I reached the trailhead at daybreak. The days are getting longer, and dawn comes a little earlier. I also slept a little later, and got a later start. It all makes sense.
The tangle of oak branches against the gray winter sky manages to look a little eery, and the marsh trail is quiet. I have it to myself this morning. It is a Wednesday. I took off from work for a appointment later; I would have had trouble focusing on anything else. It’s to do with a fraud someone attempted to perpetrate against us back in the fall. It was massively stressful, and without my Traveling Partner’s calm support, I’d have probably lost my mind. It helped that there were clear steps to take to protect myself, my property, and safeguard my family, but it was also costly and vexing. I’m glad it is over.
… Human beings can be such bastards…

I get to my halfway point, and stop awhile to write and reflect. (This is me, now, doing that.) It’s a cold morning.
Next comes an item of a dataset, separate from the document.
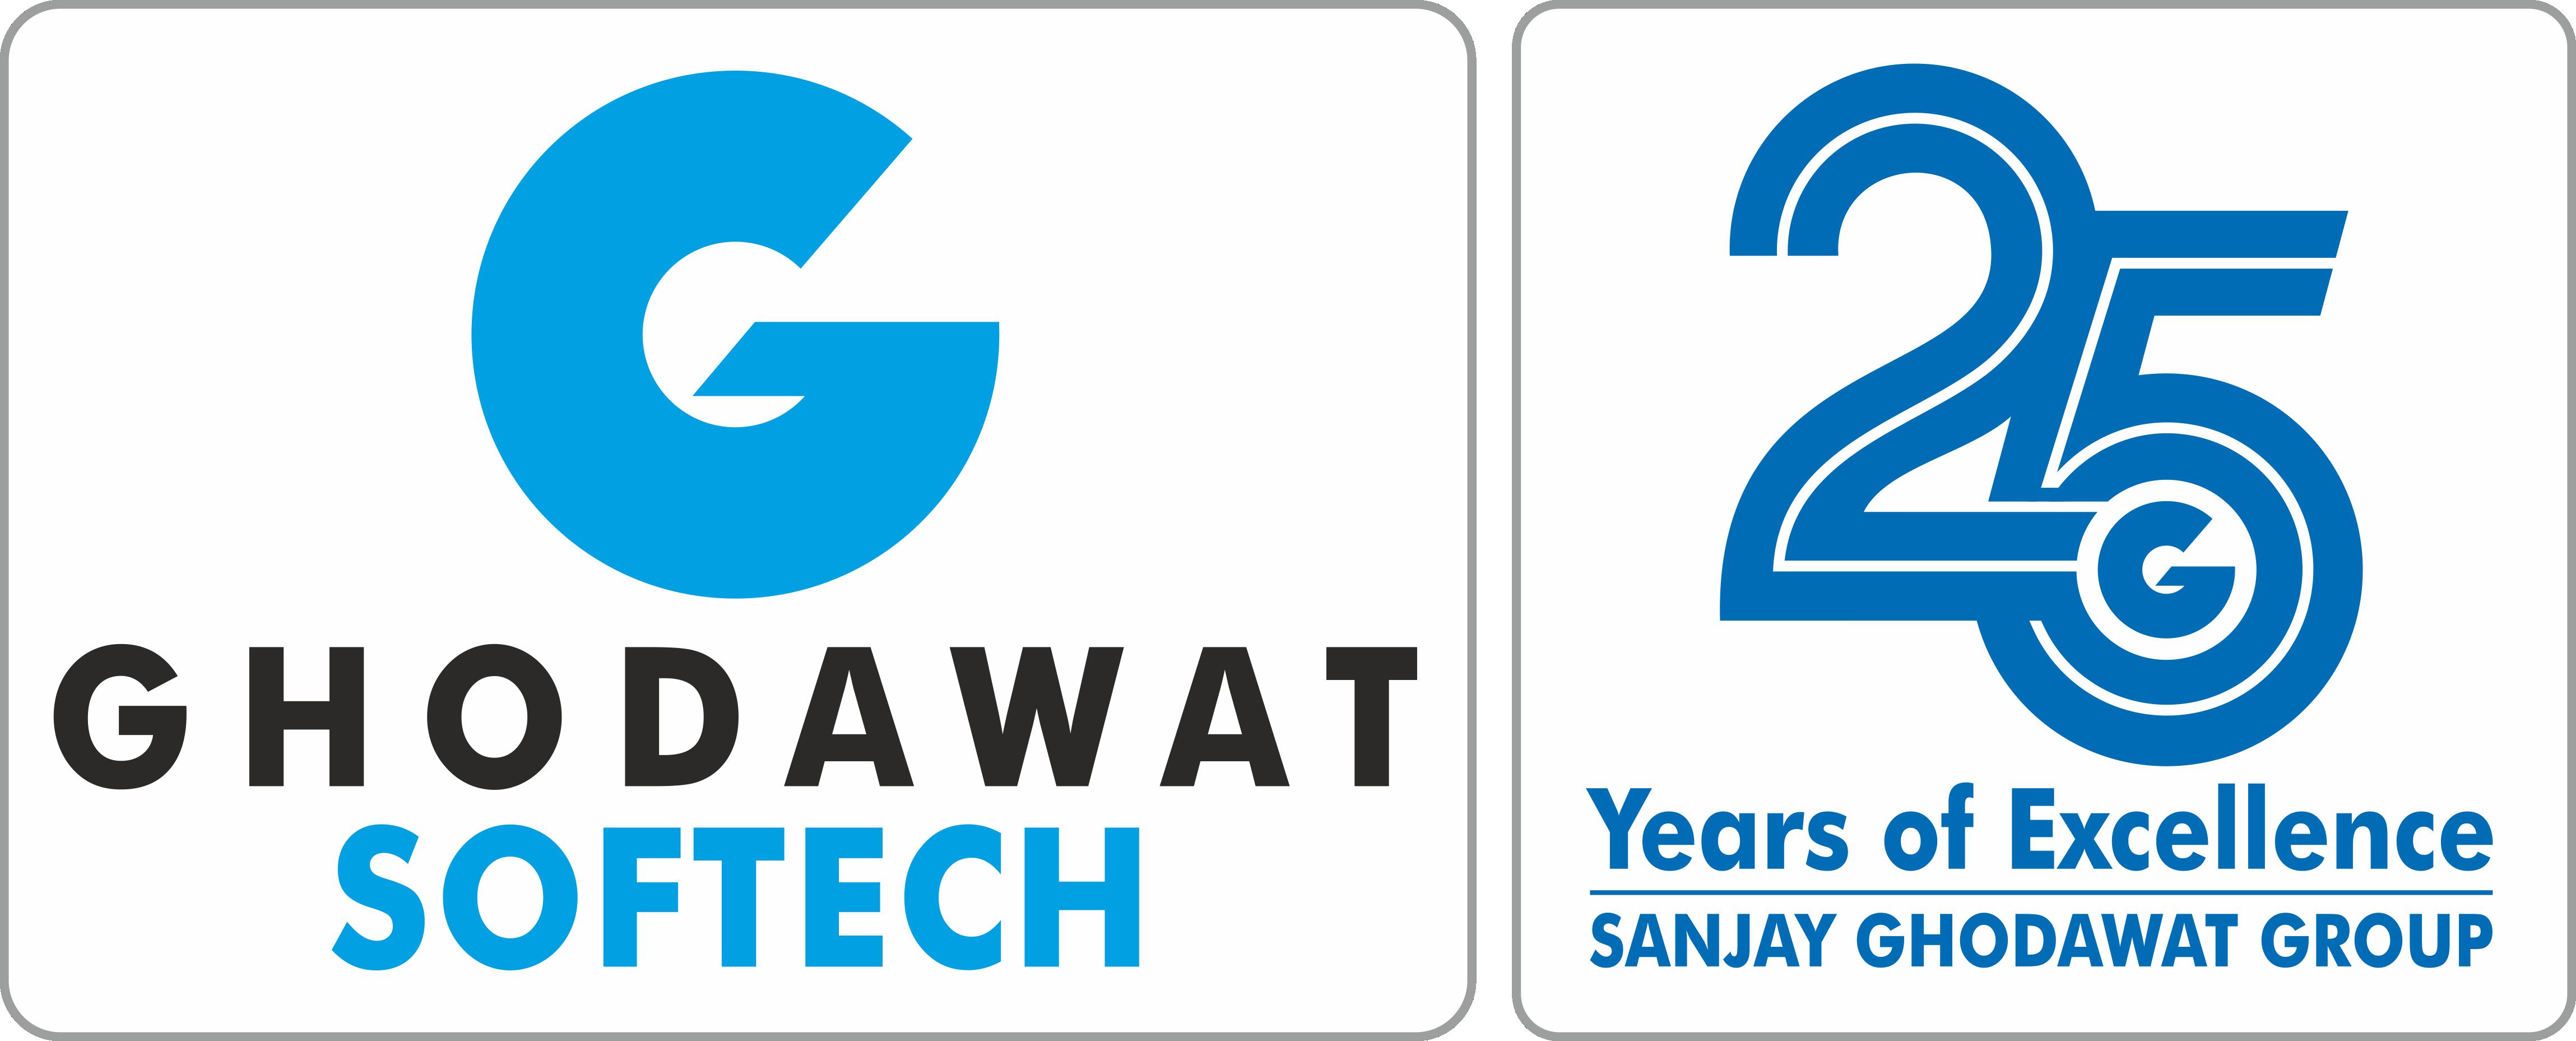 Ghodawat Softech

Properly cold, at 31F (0.5C). After my walk, coffee with a friend (who is also a colleague), and on into the city for my appointment. It feels like a busy day, but it’s more that the events on my calendar are significant or important in some way, than truly being busy. I think about that awhile; how subjective our sense of time really is.
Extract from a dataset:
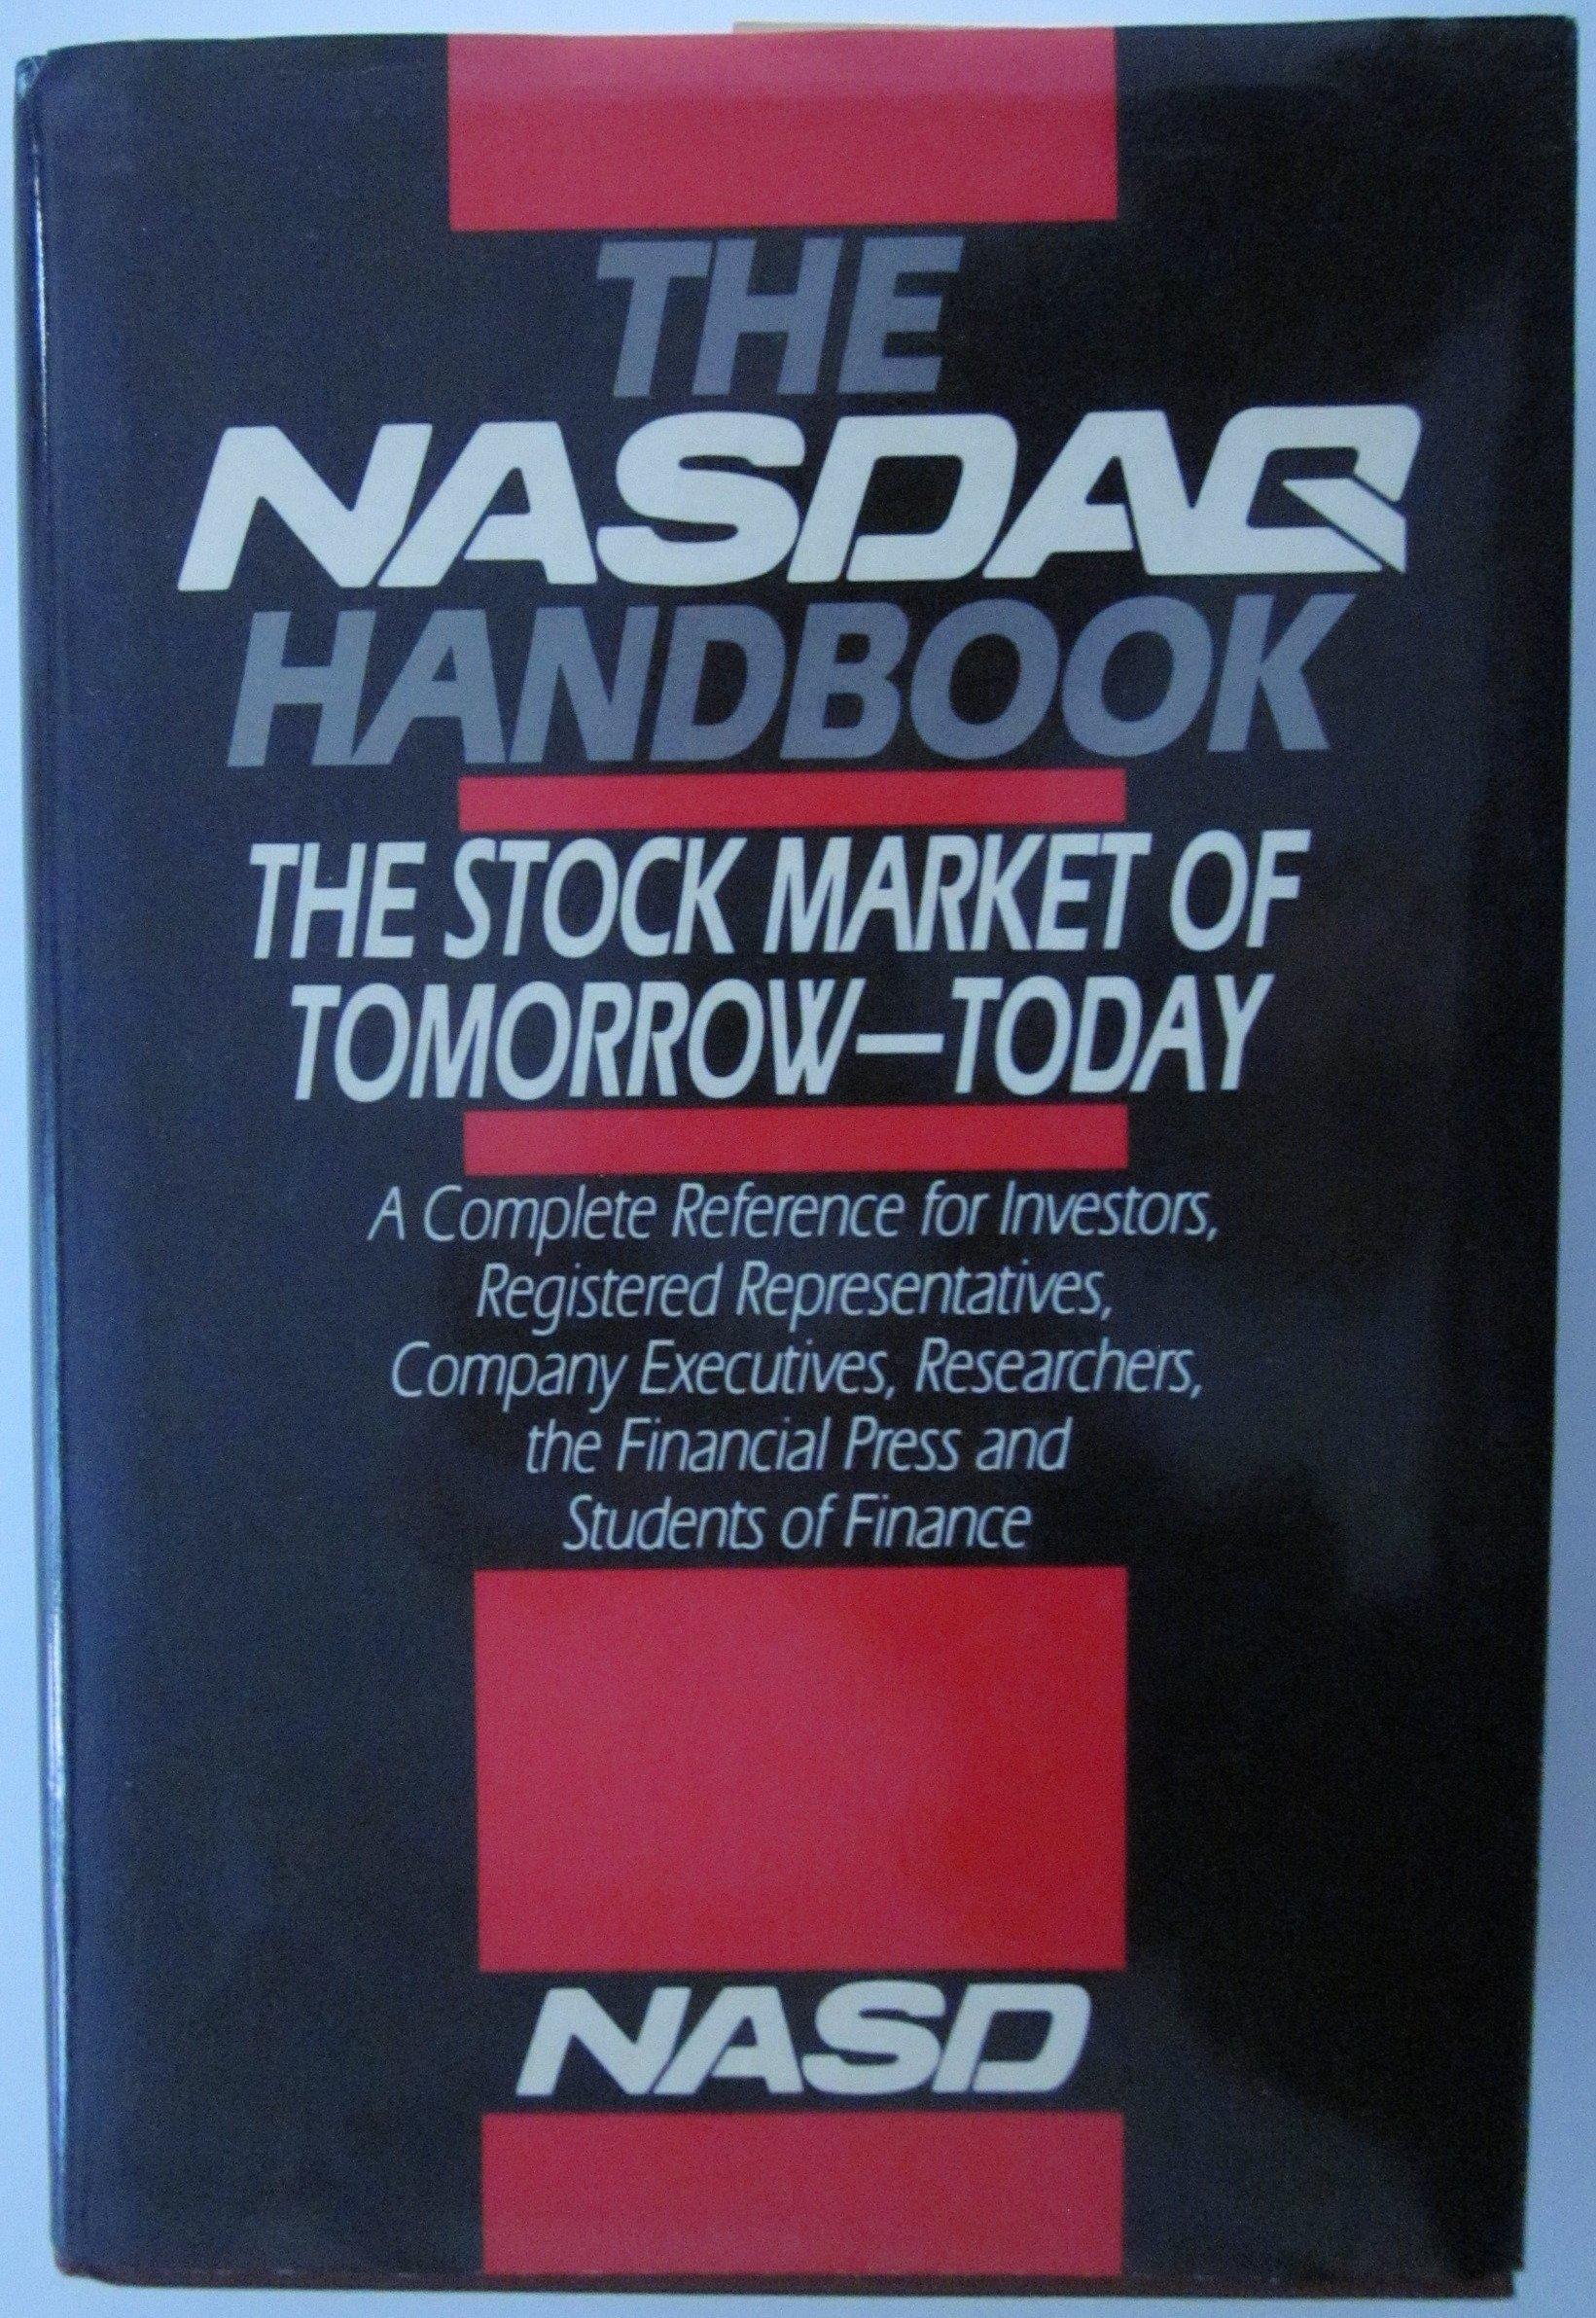 The NASDAQ Handbook: The Stock Market of Tomorrow-Today

An enormous flock of geese takes to the sky from the marsh. It fills the sky overhead as it passes. There is a thin layer of ice over the marsh ponds. The meadow grass sparkles with frost. However long or short the moments feel, in a practical sense there’s really only “now” to work with.
I think about my Traveling Partner, hoping he is getting the rest he needs and that I managed to slip away without disturbing him. We’ve had a couple of difficult days together, which sucks, particularly considering how much we’re both obviously putting into having a better experience than we are. Shit gets real sometimes. We’re both going through some health stuff that complicates our shared experience. We’ll get past these challenges. We’ve gotten through worse.
I yawn and stretch. My fingers are getting cold. I look down the trail – “steps on a path”, I think to myself. Time to begin again.